In a coordinated effort, various Mexican Ministries are working together on both mitigation and adaptation to fulfill our domestic responsibilities as well as our global commitment. Last year, we launched our Special Climate Change Program with specific action initiatives in different sectors. We will abate 51 million tones of CO2 by 2012 and cut emissions 30% by 2020, with respect to our baseline, if adequate international financing and tech transfer are provided.

Additionally, we have mitigated 19.5 million CO2e, which is 38.5% of our short-term target. As a part of our domestic actions, we are supporting the elaboration of local climate action programmes across 31 states with provision of tools and guides. So far, the Veracruz local programme is finished, Nuevo Leon is in the last stage and México City has independently developed its own programme.

The Ministry of Environmental and Natural Resources is also strengthening the forest ecosystem conservancy and its potential as carbon sinks. Since 2007, we have incorporated around 2.2 million of forest and rainforest hectares into the Payment for Environmental Services Programme.

During 2009, we exceeded our national target to increase the protected areas (PA) from three million hectares to 3.42 million. Actually, we have incorporated around 25,348,818 hectares of priority ecosystems, resulting in 13% of the Mexican territory under protection and 17.3% considered as wildlife management units.

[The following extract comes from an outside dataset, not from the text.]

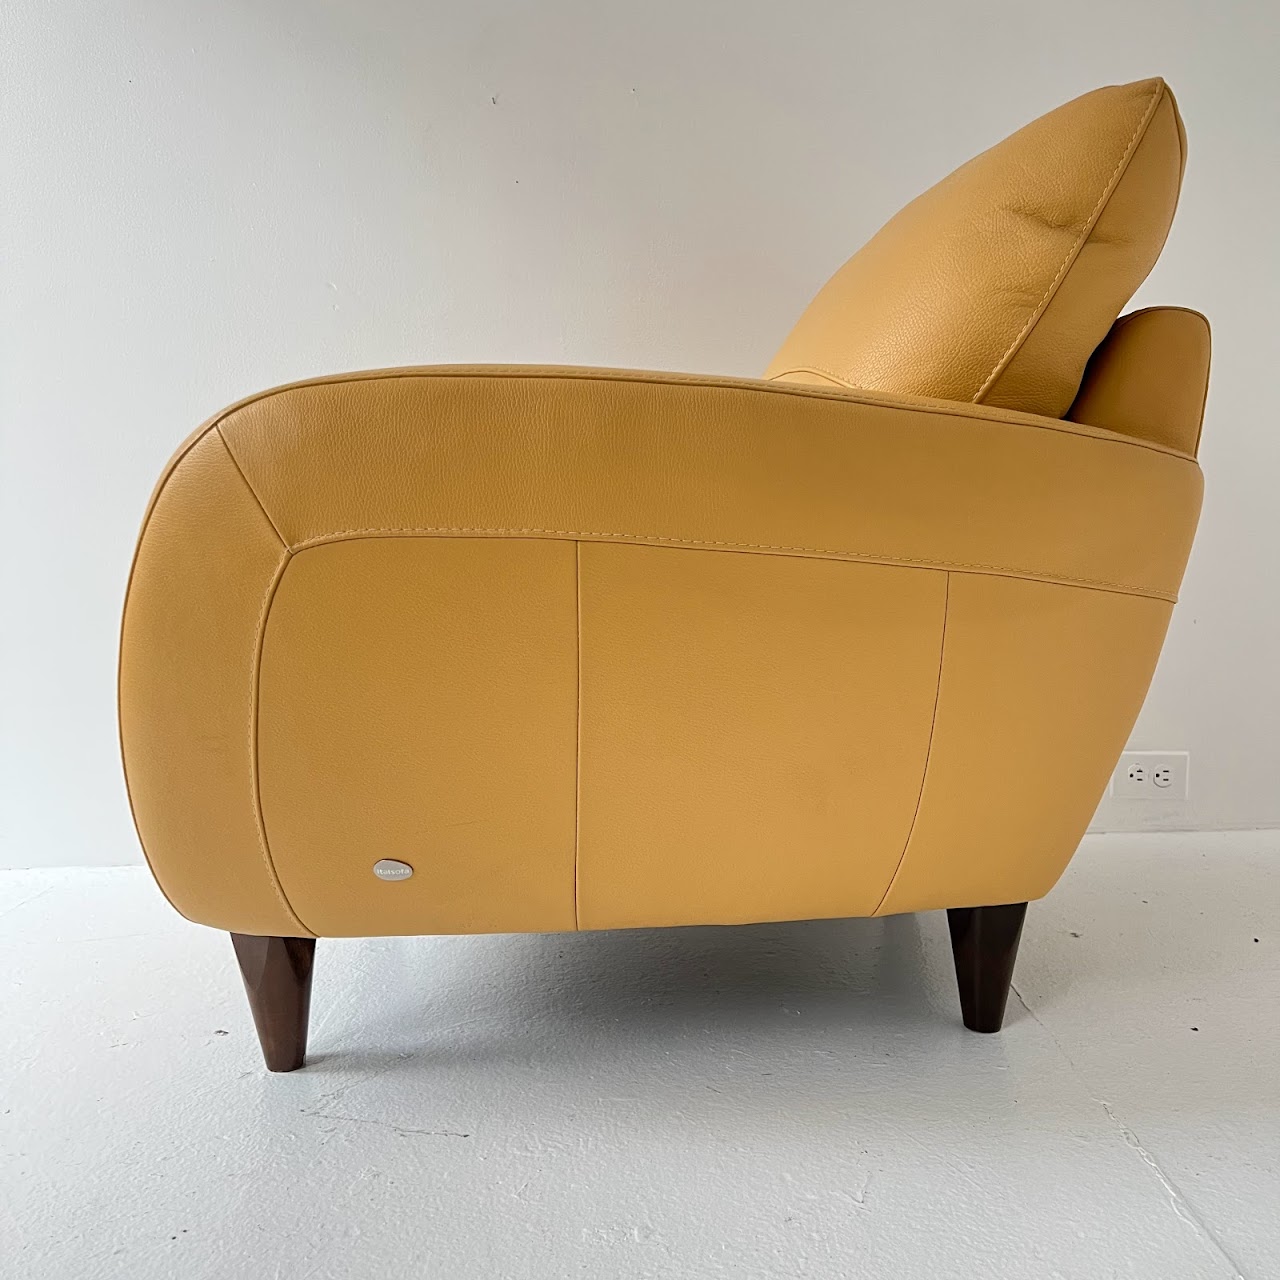 Italsofa Leather Club Chair

It is my privilege to highlight the commitment of this Ministry to collective action: we have developed a National Strategy for Social Participation and set up bodies for this purpose, establishing precedents in the public administration.

I would like to emphasise that all public education institutions have integrated environmental issues into their programmes. Around 15 million of students receive environmental education in their civic and ethics classes. Furthermore, we have signed important agreements with 107 higher-education institutions to include the environmental approach in their operations.

We are in a race between political tipping points and natural ones, but I am enthusiastic; I am certain that Parties will work to reduce to the minimum the gap between scientific evidence and political response. It is possible, but above all it is mandatory; we cannot forget that carbon cycles do not follow political cycles.